At 7:01 a.m. ET, the yield on the 10-year Treasury was up nearly 3 basis point at 4.71%, hitting its highest level since Oct. 15, 2007, when it reached 4.719%. The 2-year Treasury yield was up 1 basis point at 5.123%.
Yields and prices move in opposite directions and one basis point equals 0.01%.
U.S. lawmakers were able to avoid a government shutdown as they passed a last-minute spending bill on Saturday night. That has bought them time to finish the necessary government funding legislation. A shutdown could have negatively affected the U.S.’ credit rating as well as the country’s economy.
Investors also weighed the Fed’s next interest rates moves. Central bank officials have hinted at another rate increase and rates staying elevated for longer since their September meeting.

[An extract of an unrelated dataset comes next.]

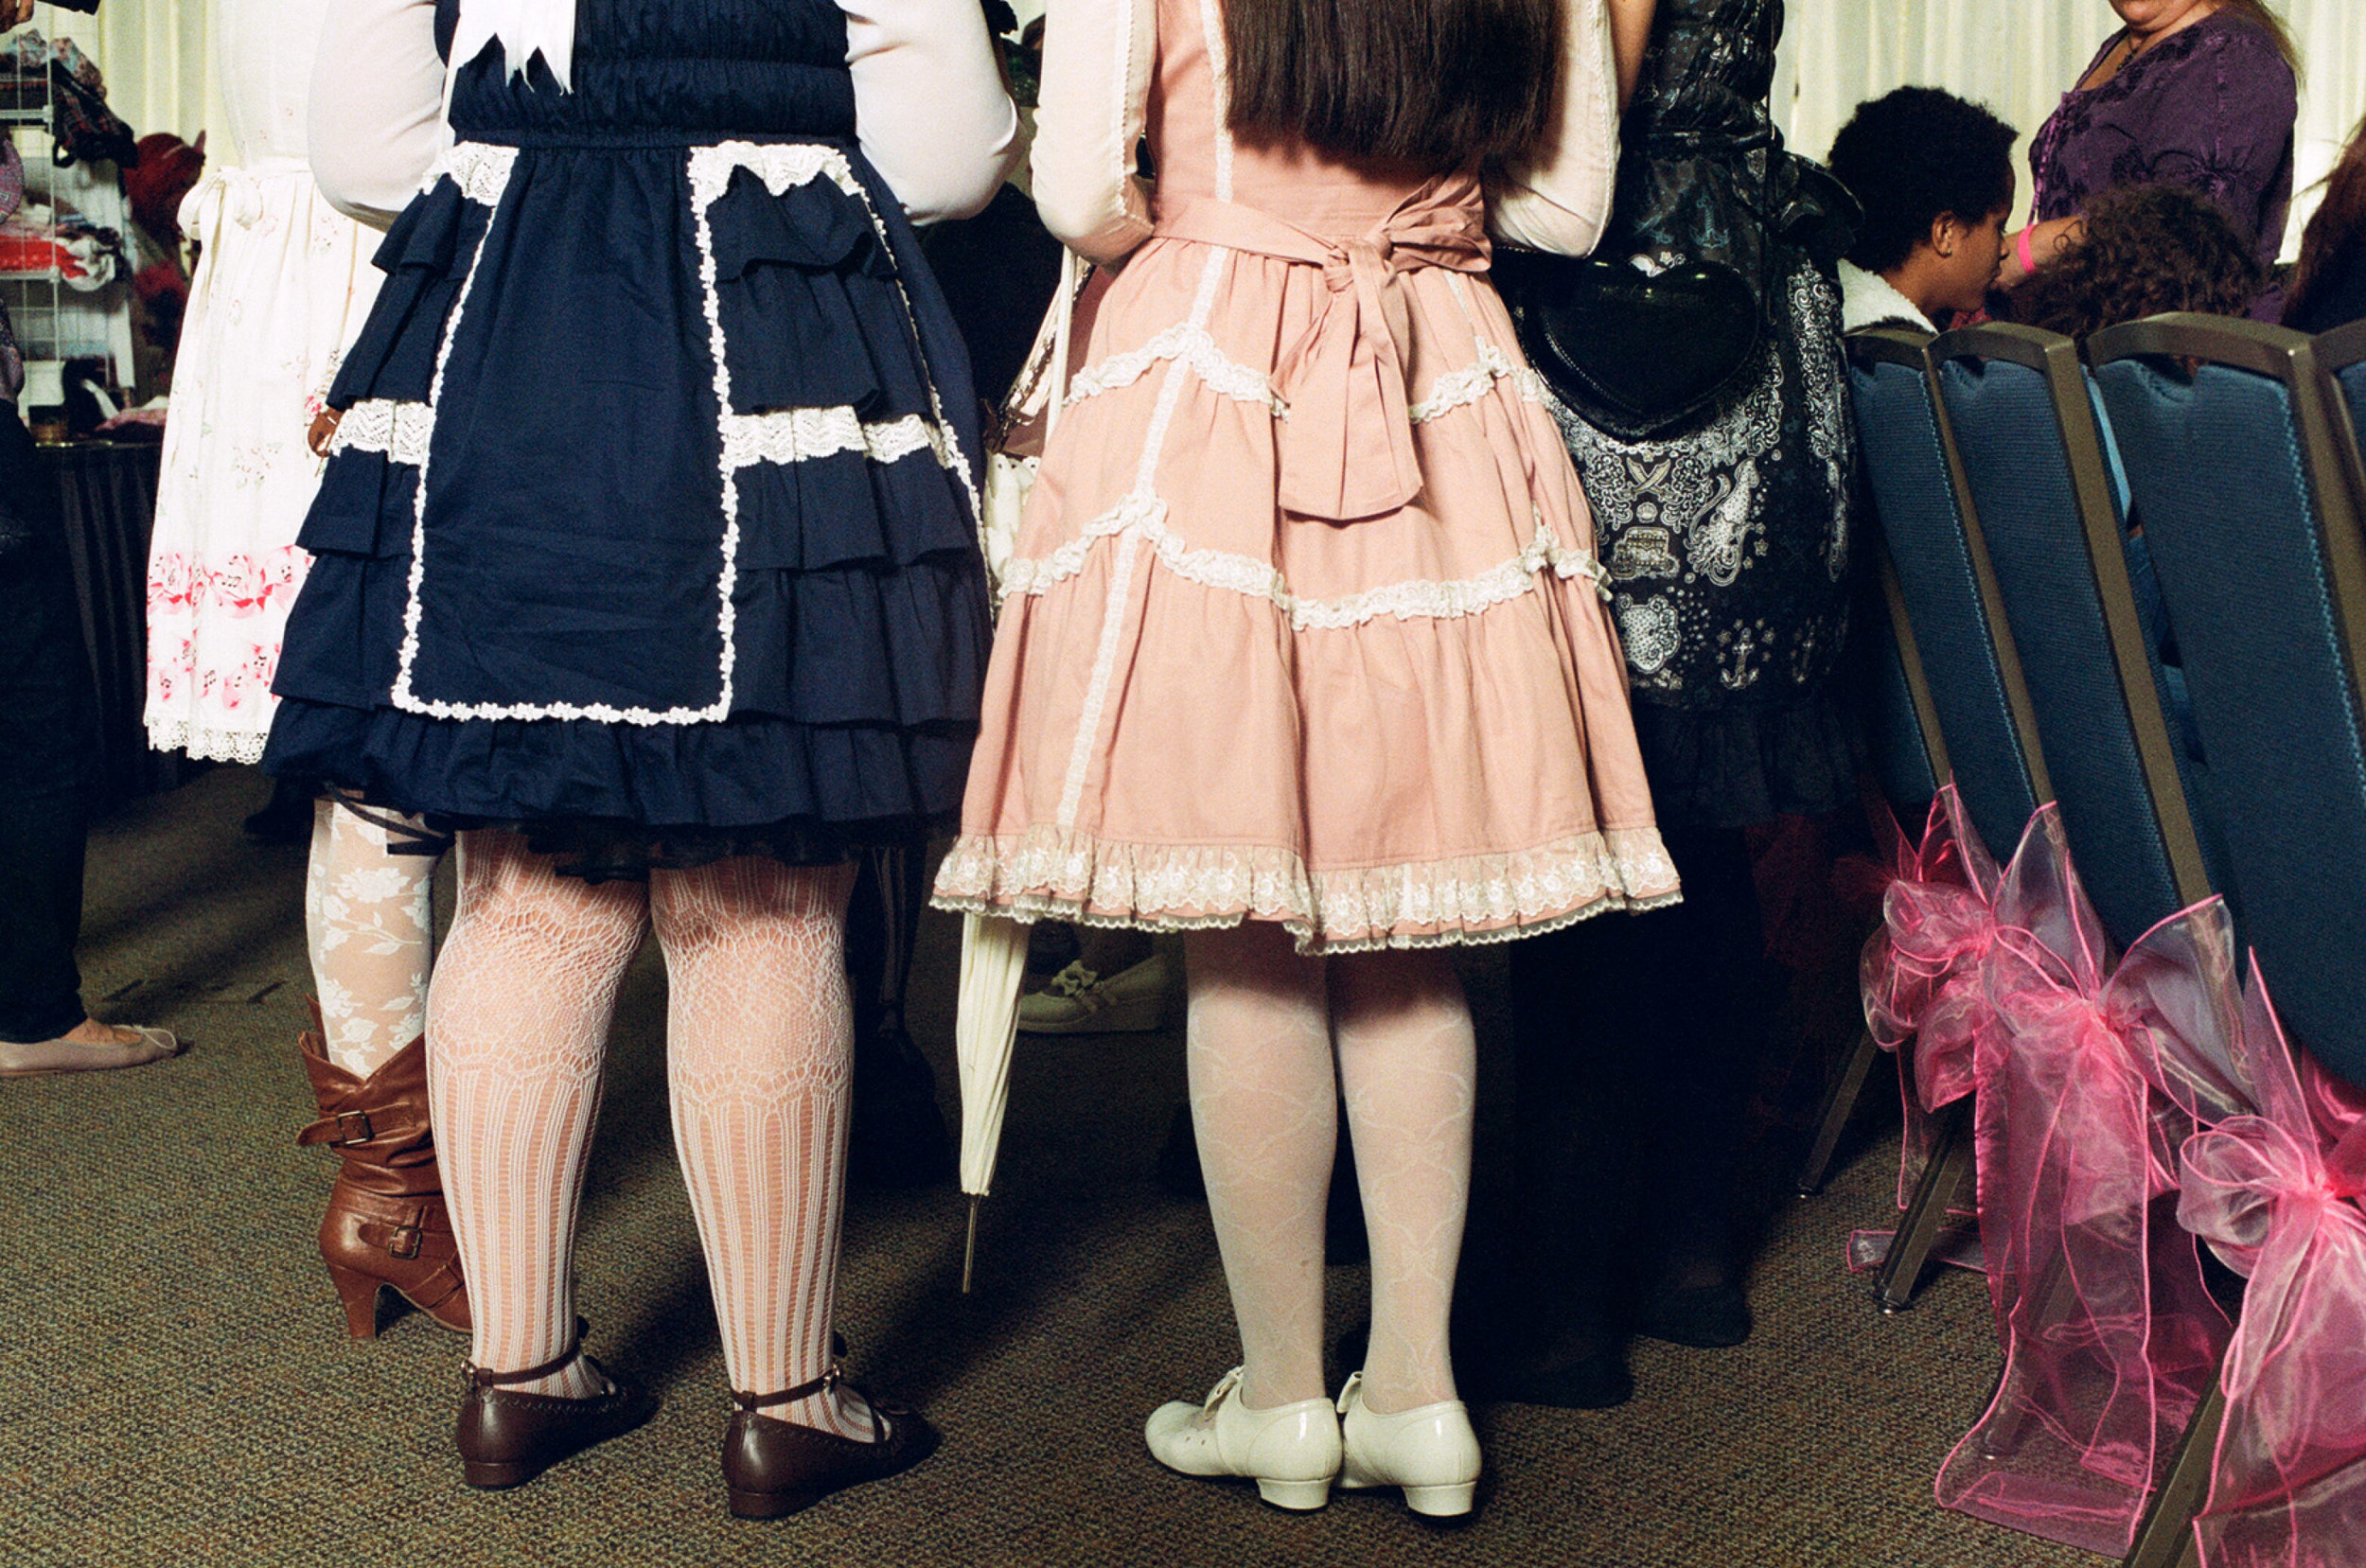  Lolita fashion show in Orange County, CA.

But uncertainty remains about when the rate increase may be implemented. Two central bank policy meetings remain this year, Oct. 31-Nov. 1 and Dec. 12-13.
Investors are therefore closely watching comments from Fed speakers and economic data expected this week.
August’s Job Openings and Labor Turnover Survey is due Tuesday and economists surveyed by Dow Jones are expecting it to reflect 8.8 million job openings. Other key data releases this week include September’s jobs report on Friday.